The relationship among inflammatory biomarkers, hyperuricemia and chronic kidney disease: analysis of the NHANES 2015-2020

Affiliations

The relationship among inflammatory biomarkers, hyperuricemia and chronic kidney disease: analysis of the NHANES 2015-2020

Huimin Li et al. Ren Fail. 2025 Dec.

Abstract

Background: Inflammation and hyperuricemia are closely associated with chronic kidney disease (CKD). The systemic inflammation response index (SIRI), systemic immune-inflammation index (SII), monocyte-to-lymphocyte ratio (MLR), neutrophil-to-lymphocyte ratio (NLR), and platelet-to-lymphocyte ratio (PLR) are emerging as novel biomarkers. While, the synergistic effects of these biomarkers with hyperuricemia on CKD remain unclear.

Method: We analyzed 10,226 participants from 2015-2020 National Health and Nutrition Examination Survey (NHANES). The relationships among inflammatory biomarkers (SIRI, SII, MLR, NLR, and PLR), hyperuricemia and CKD were assessed by multivariate logistic regression models. Restricted cubic splines (RCS) and segmented regression models were used to evaluate the nonlinear relationships. The diagnostic performance was evaluated using receiver operating characteristic (ROC) curve, and incremental predictive value was further calculated by Net Reclassification Improvement (NRI) and Integrated Discrimination Improvement (IDI). The interaction analysis was performed to explore the combined effects.

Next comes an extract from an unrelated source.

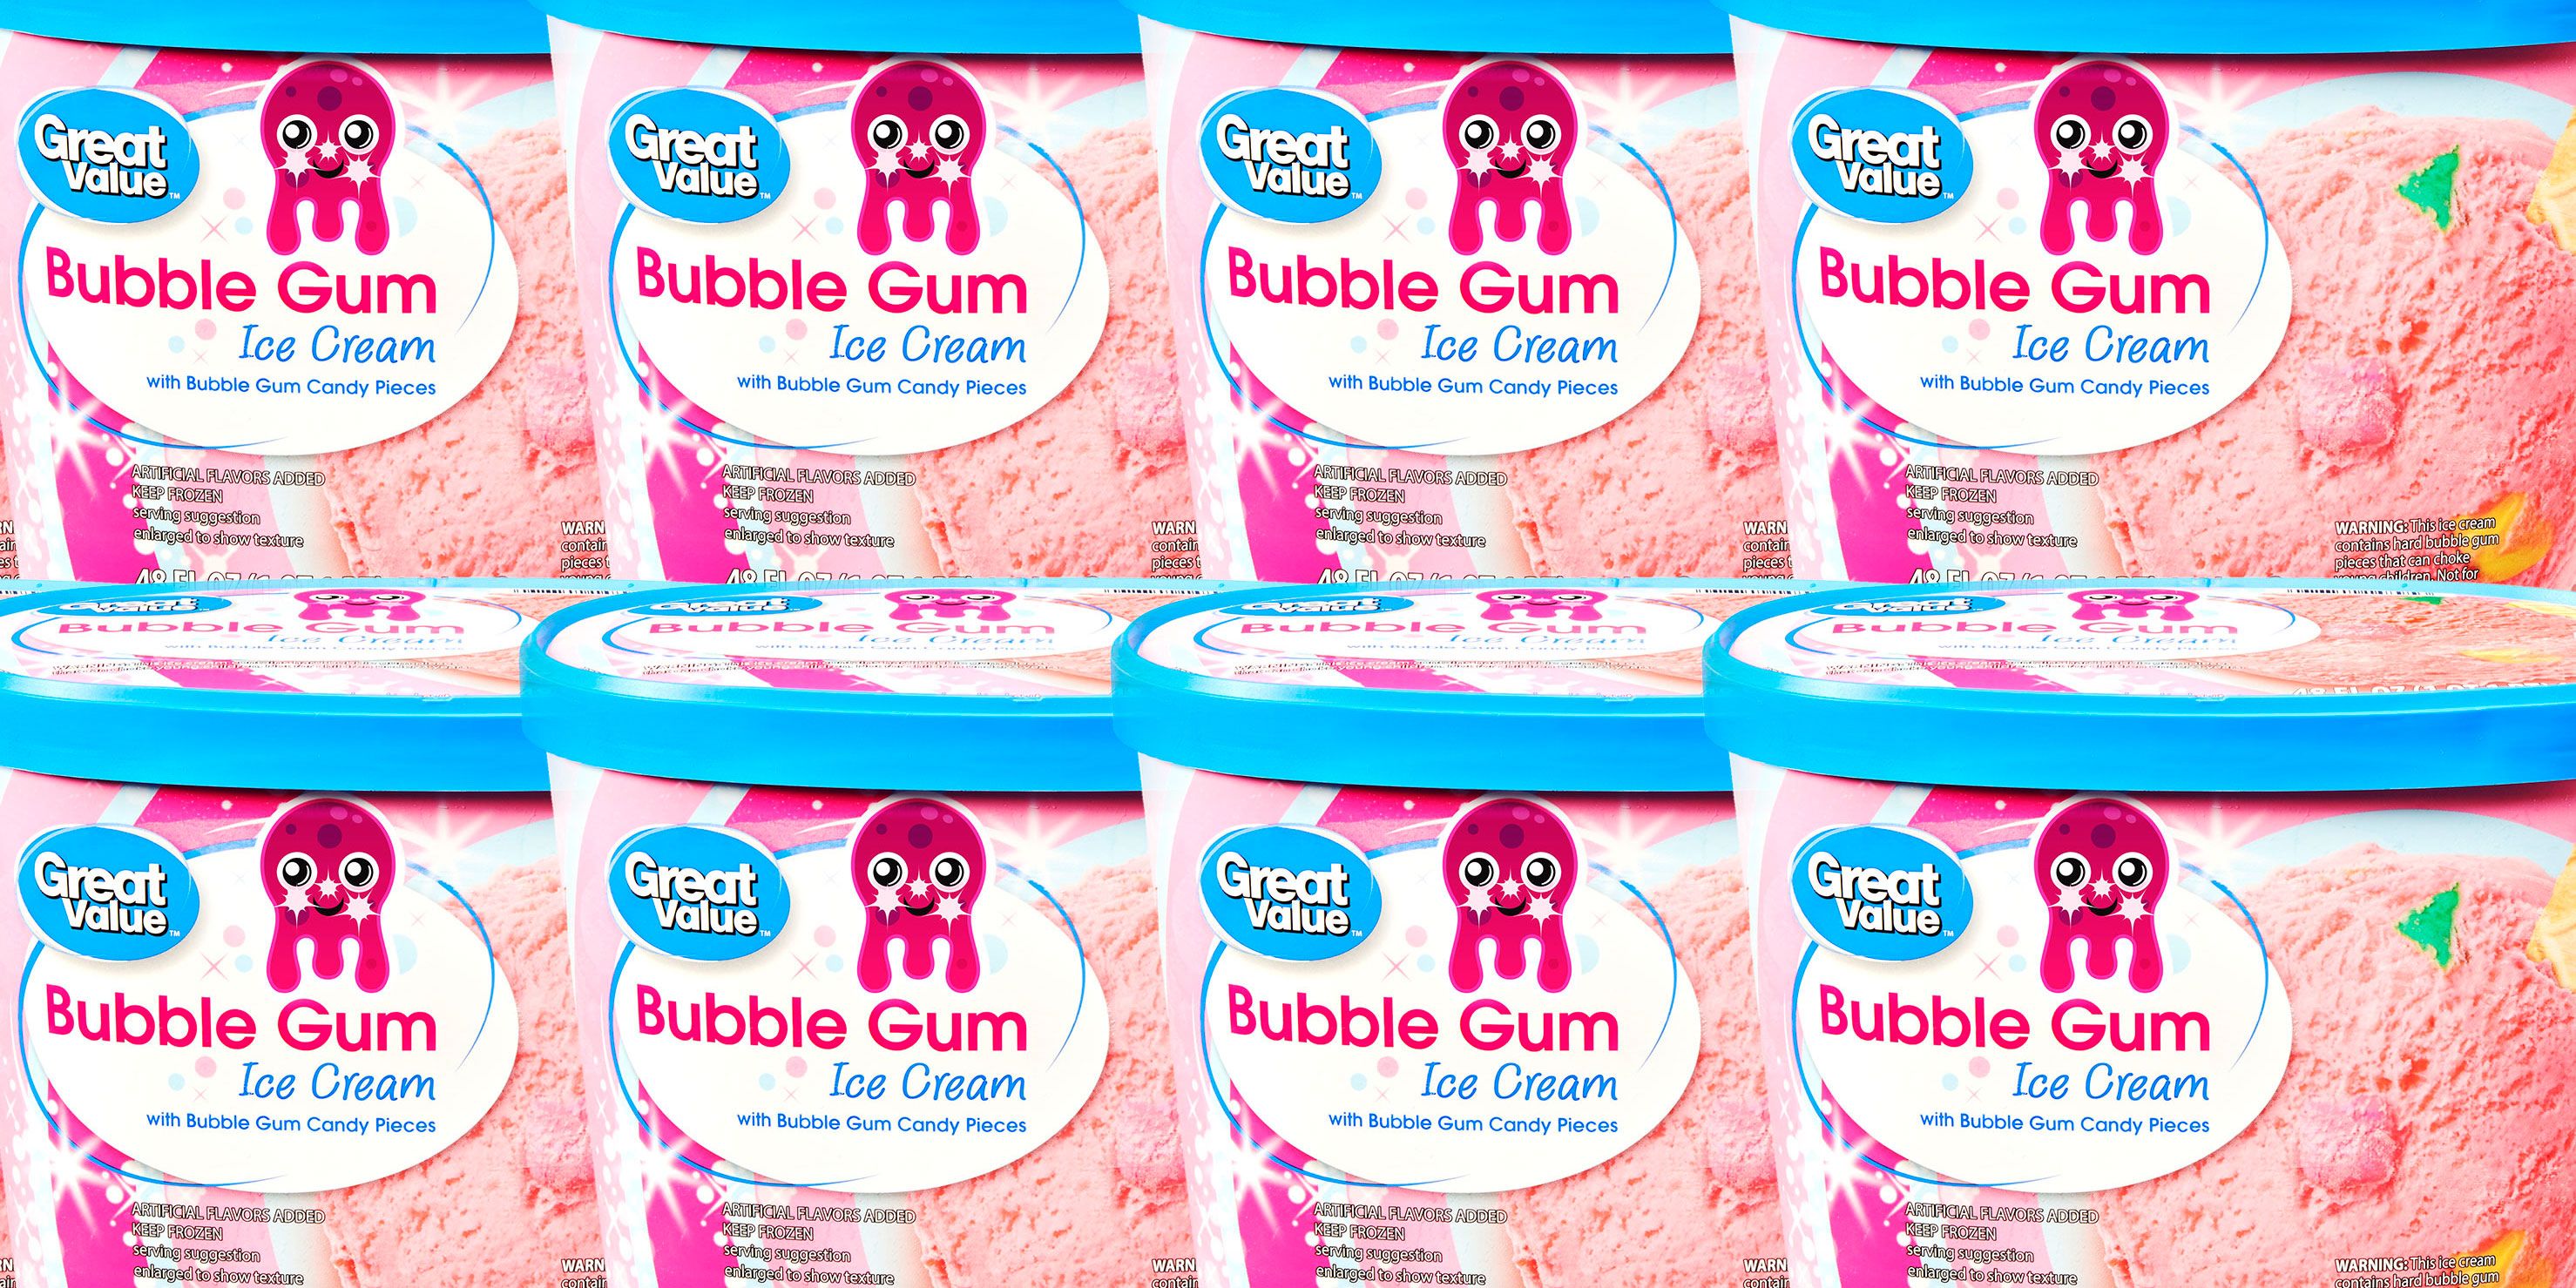 Walmart S Bubble Gum Ice Cream Has Actual Bubble Gum Pieces In It

Results: SIRI, SII, MLR, and NLR were significantly linked with CKD. MLR exhibited a threshold effect at 0.22 (p-non-linear < 0.05), with significantly stronger association with CKD above this cutoff. SIRI demonstrated the best diagnostic accuracy among these biomarkers. Significant interactions were observed between hyperuricemia and inflammatory biomarkers (SIRI, SII, MLR, NLR), indicating that the association between inflammatory biomarkers and CKD is more pronounced in the presence of hyperuricemia.

Conclusion: There were significant associations between inflammatory biomarkers (SII, SIRI, NLR, MLR) and CKD, with particularly stronger correlations observed in patients with hyperuricemia.

Keywords: Inflammatory biomarkers; NHANES; chronic kidney disease; hyperuricemia; interaction.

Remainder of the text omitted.